A Agropalma afirma que suas terras foram adquiridas de boa fé de proprietários e possuidores legítimos, inclusive com a comprovação da documentação pelos órgãos competentes no momento da aquisição. A empresa atribui as irregularidades a “falhas notariais” que comprometeram a legitimidade da documentação de alguns imóveis rurais, o que afirma estar tentando regularizar junto às entidades competentes.
“É um absurdo ver como a Justiça deixa que essa empresa continue aqui, a própria Justiça já disse que os registros eram falsos... A Agropalma é a lei aqui”, diz Manoel Barbosa dos Santos, que tem processos reivindicando terras da família. A Agropalma recorreu da decisão, mas os recursos foram negados pelo tribunal de segunda instância. Enquanto as comunidades locais aguardam o cumprimento da decisão, elas afirmam que a Agropalma está travando uma guerra para silenciá-los.
José Joaquim dos Santos Pimenta, presidente da associação ARQVA, disse à Global Witness que é constantemente ameaçado pelos funcionários da Agropalma. “Os carros da empresa costumam parar na frente da minha casa para me vigiar. Seguranças armados que trabalham na Agropalma me disseram muitas vezes que preciso falar menos, senão eles vão ter que me calar. Eles usam segurança armada para nos intimidar.” A Agropalma respondeu à Global Witness afirmando que nenhum dos vários estudos de impacto social de suas operações levantou a presença de comunidades indígenas ou quilombolas no entorno das plantações, os estudos também não identificaram que a Agropalma teria removido ou incentivado remoções desses povos de suas terras.

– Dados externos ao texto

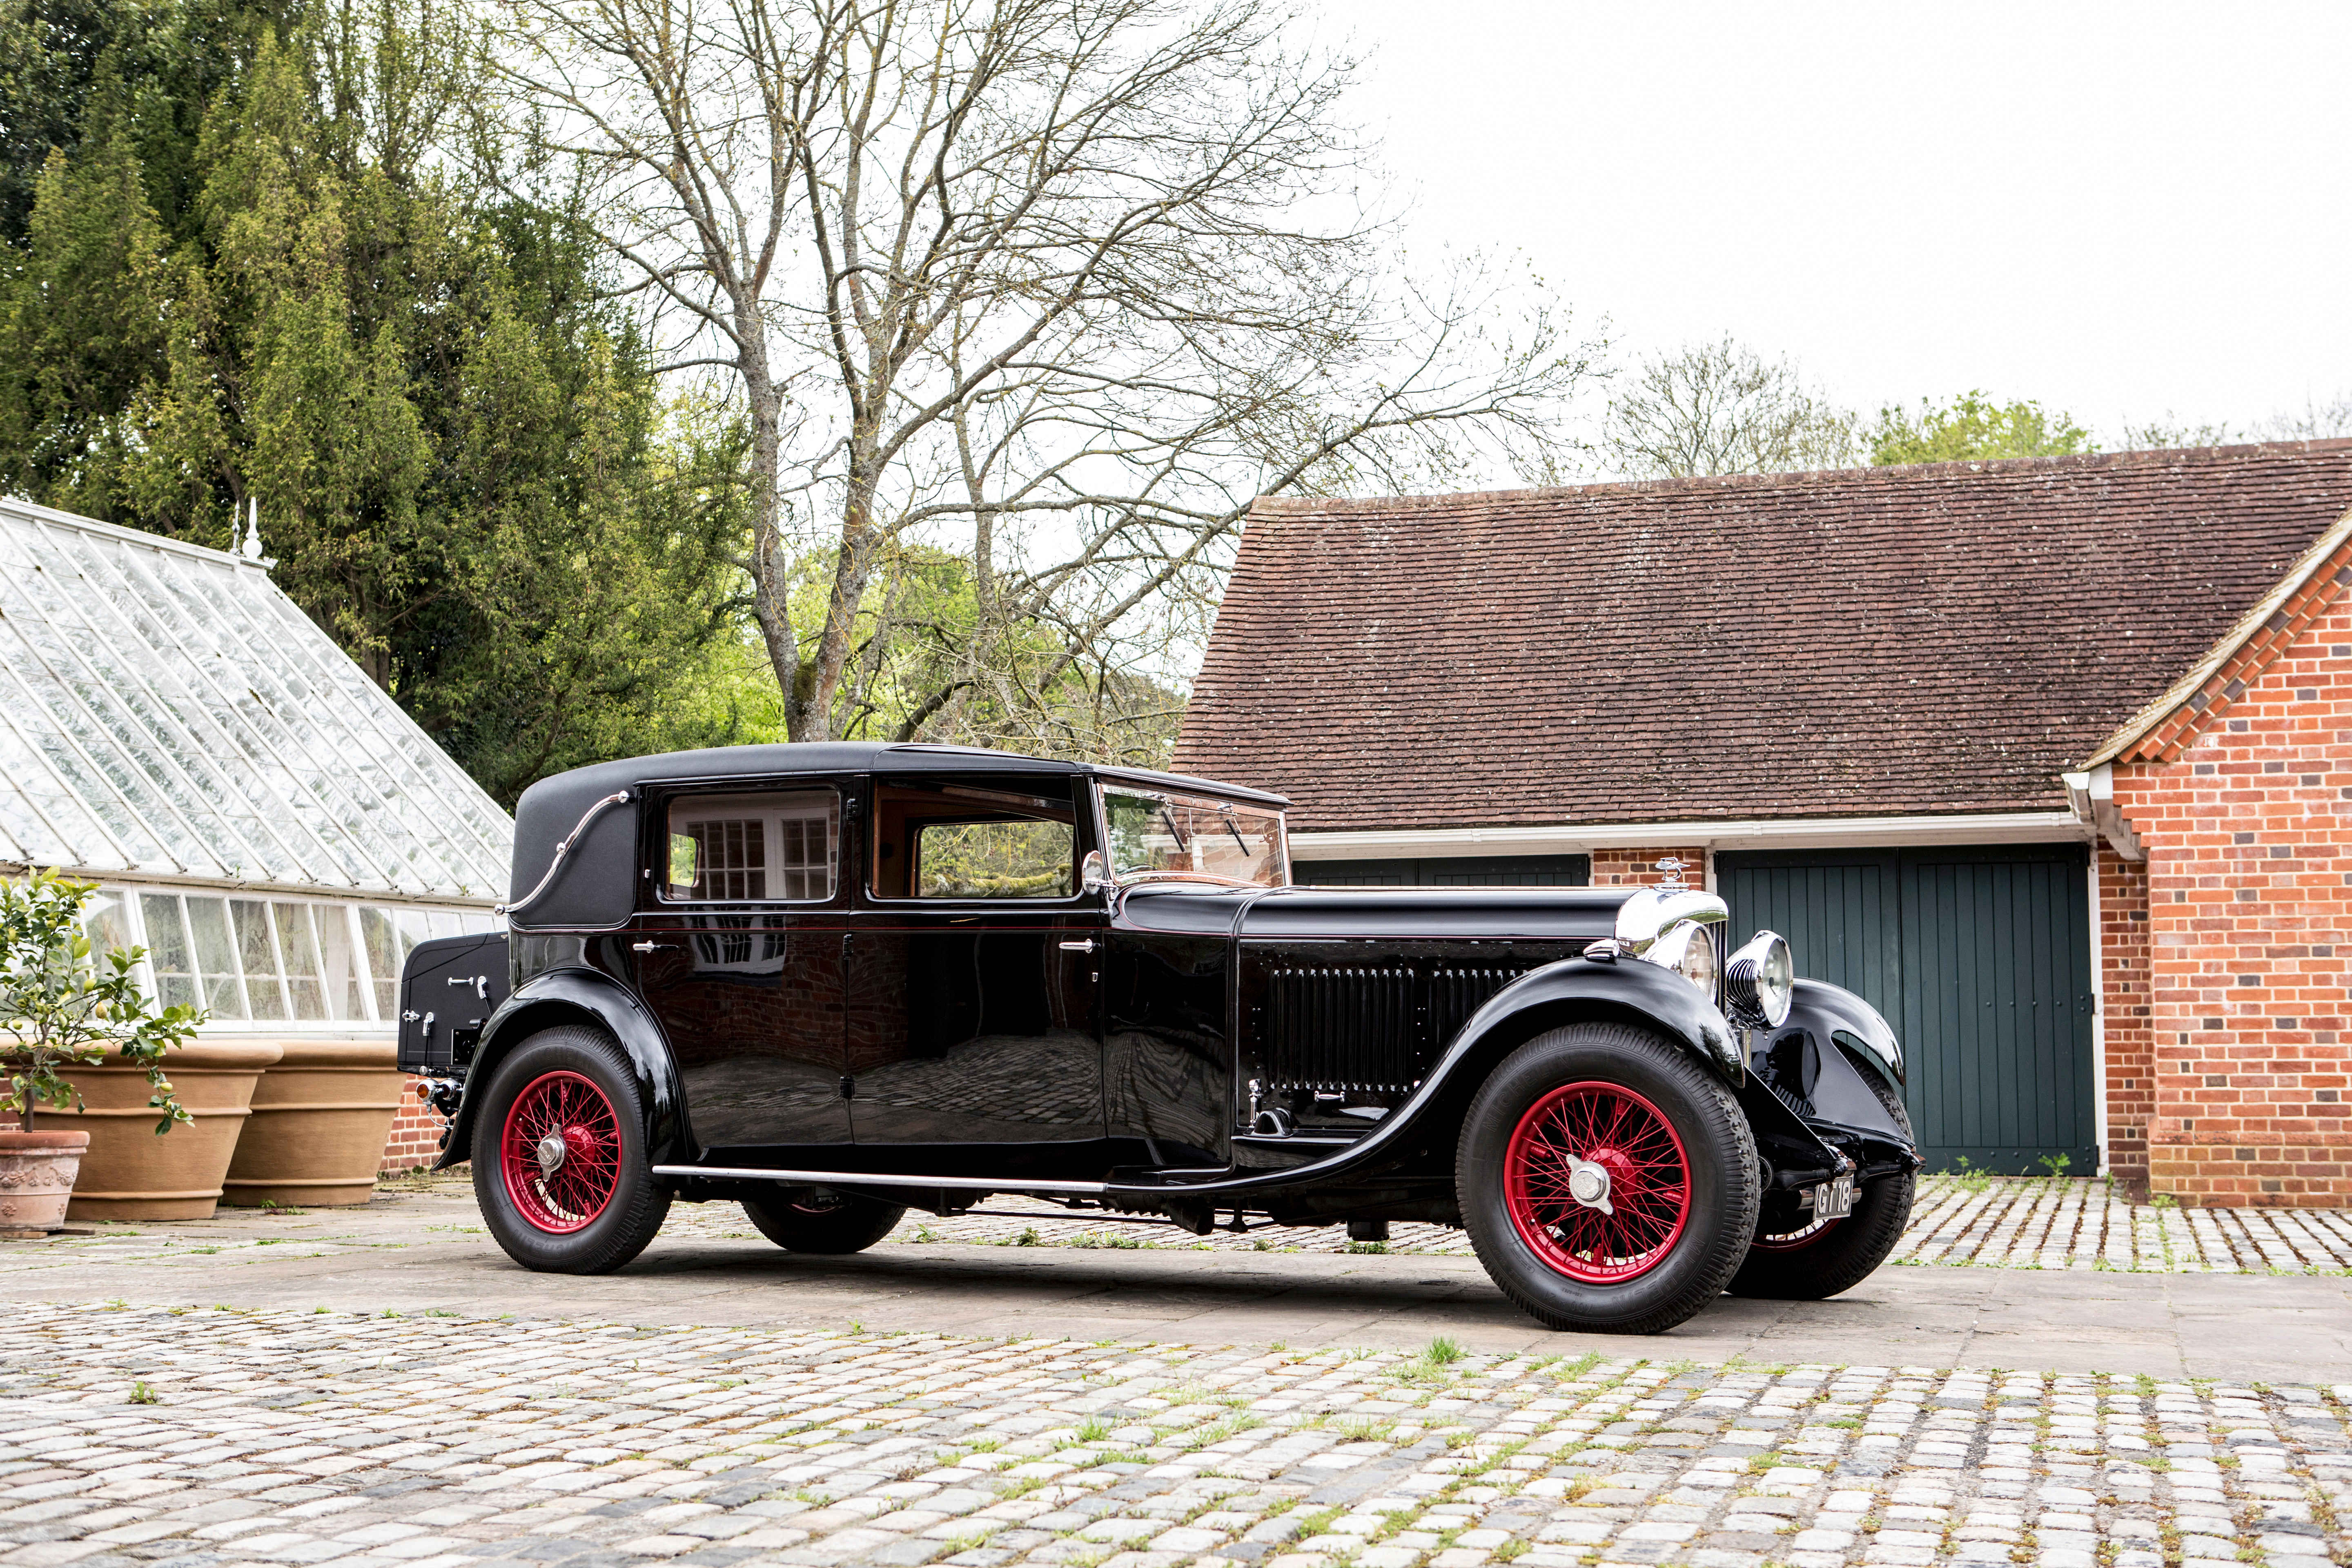 ‘MOTORING IN ITS VERY HIGHEST FORM’: OPULENT BENTLEYS AND LUXURIOUS ROLLS-ROYCES AT BONHAMS FESTIVAL OF SPEED SALE cover

Nas comunidades quilombolas de Vila Gonçalves e Balsa, 206 famílias se sentem totalmente estranguladas pelas plantações de palma ao seu redor. De acordo com os membros das comunidades, a Agropalma registrou as terras em que vivem, caçam, pescam e plantam para sua sobrevivência como ‘reservas legais’, áreas que os proprietários rurais são obrigados a proteger em suas terras para manter a vegetação nativa. A legalidade desse registro de terras está sendo investigada pelo Ministério Público do Estado do Pará. Para acessar as cidades próximas, os membros das comunidades não têm escolha a não ser atravessar estradas de terra dentro das plantações de palma.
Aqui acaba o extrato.